Kappa (in StatTable)

To calculate Kappa, the function uses these formulas:
  • Kappa = ( observed_accuracy - random_accuracy) / (1 - random_accuracy)

  • observed_accuracy = number_of_correct_predictions / n
  • random_accuracy = ( Σ k (n) (number_of_correct_predictions) ) / (n * n)
For the preceding input table:
  • observed_accuracy = 4/7 = 0.5714
  • random_accuracy = ( (4*3) + (2*2) + (1*2) ) / (7*7) = 18/49 = 0.3673
  • Kappa = ( (4/7) - (18/49) ) / ( 1 - (18/49) ) = 0.3226

Null Error Rate (in StatTable)

The Null Error Rate is the fraction of observations that would be correctly predicted by predicting the most common observed class for all observations.

Formula: Null Error Rate = 1 - ( max (observed_class [, ...]) / n )

Example: In the preceding input table, red is observed four times, blue twice, and green once; therefore:

Null Error Rate = 1 - ( max (4,2,1) / 7 ) = 1 - (4/7) = 0.4286

Values in AccuracyTable Formulas

The formulas for the sensitivity, specificity, prevalence, detection rate, and detection prevalence of class c use these terms:
Term Definition
c corr Number of correct predictions of class c.
c obs Number of observations of class c.
c pred Number of predictions of class c.

Sensitivity (in AccuracyTable)

Formula for sensitivity of class c:

sensitivity (c) = c corr / c obs

Example: sensitivity (red) = 2/4 = 0.5

Specificity (in AccuracyTable)

Formula for specificity of class c:

specificity (c) = ( n + c corr - c obs - c pred ) / ( n - c obs )

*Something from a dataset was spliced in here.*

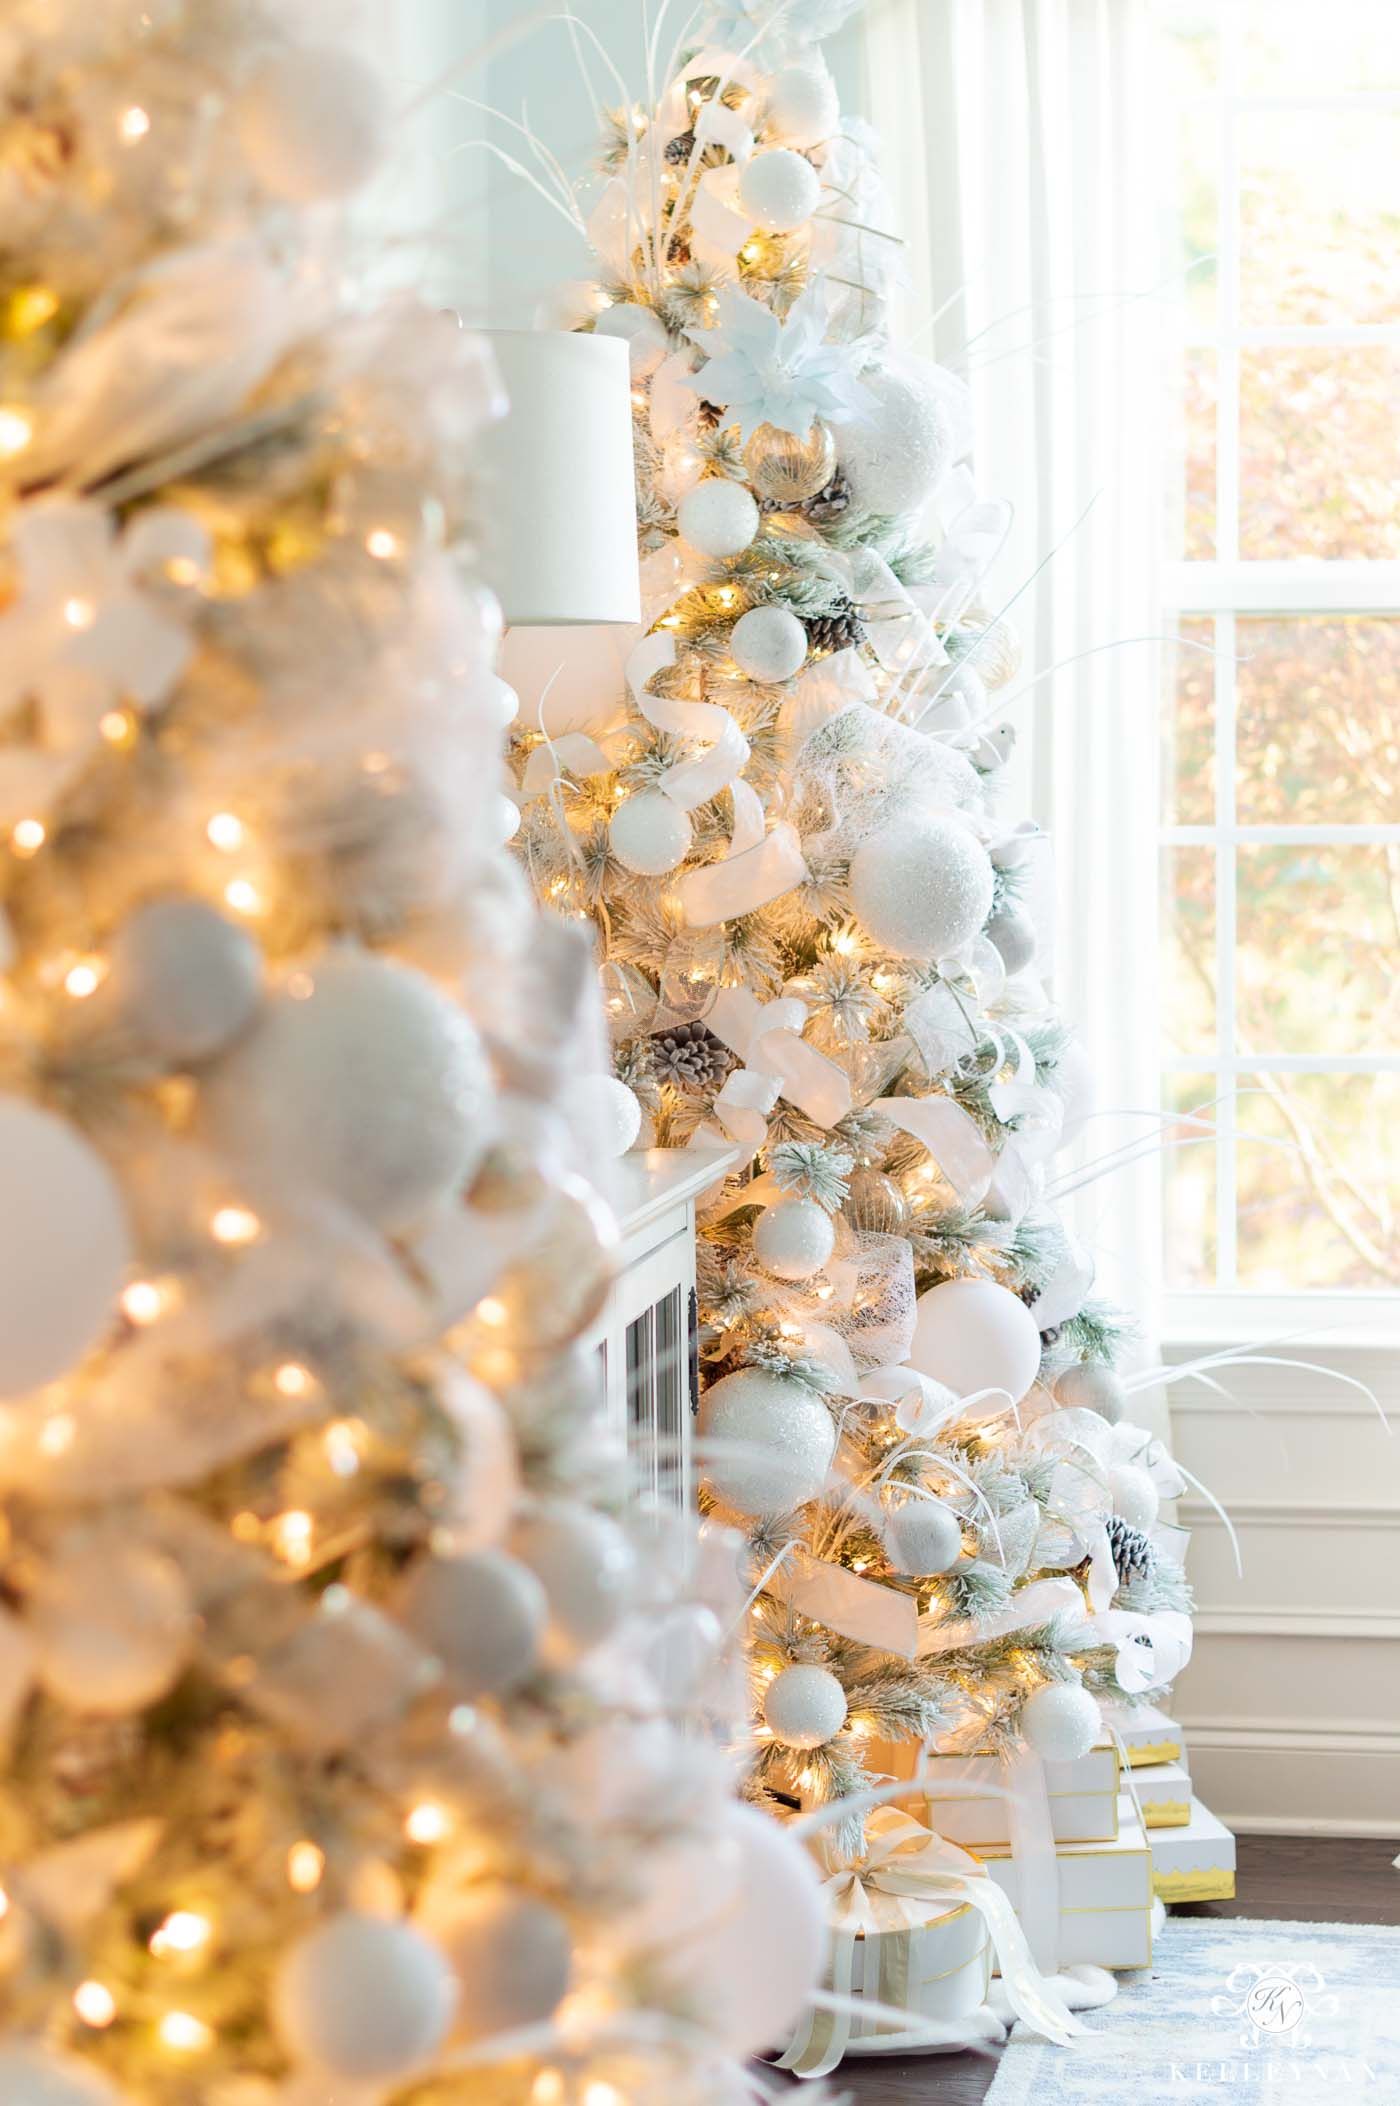 Use Gold Accents for Your Christmas Decorations

Example: specificity (red) = (7 + 2 - 4 -3 ) / (7 - 4) = 0.6667

Prevalence (in AccuracyTable)

If you specify Prevalence, the function uses the prevalence specified for each class; otherwise, the function calculates the prevalence of class c with this formula:

prevalence (c) = c obs / n

Example: prevalence (red) = 4/7 = 0.5714

Pos Pred Value (in AccuracyTable)

Formula for Pos Pred Value (positive prediction value or PPV) of class c:

PPV (c) =

( sensitivity (c) * prevalence (c) ) /

( ( sensitivity (c) * prevalence (c) ) + (1 - specificity (c) ) * (1 - prevalence (c) ) )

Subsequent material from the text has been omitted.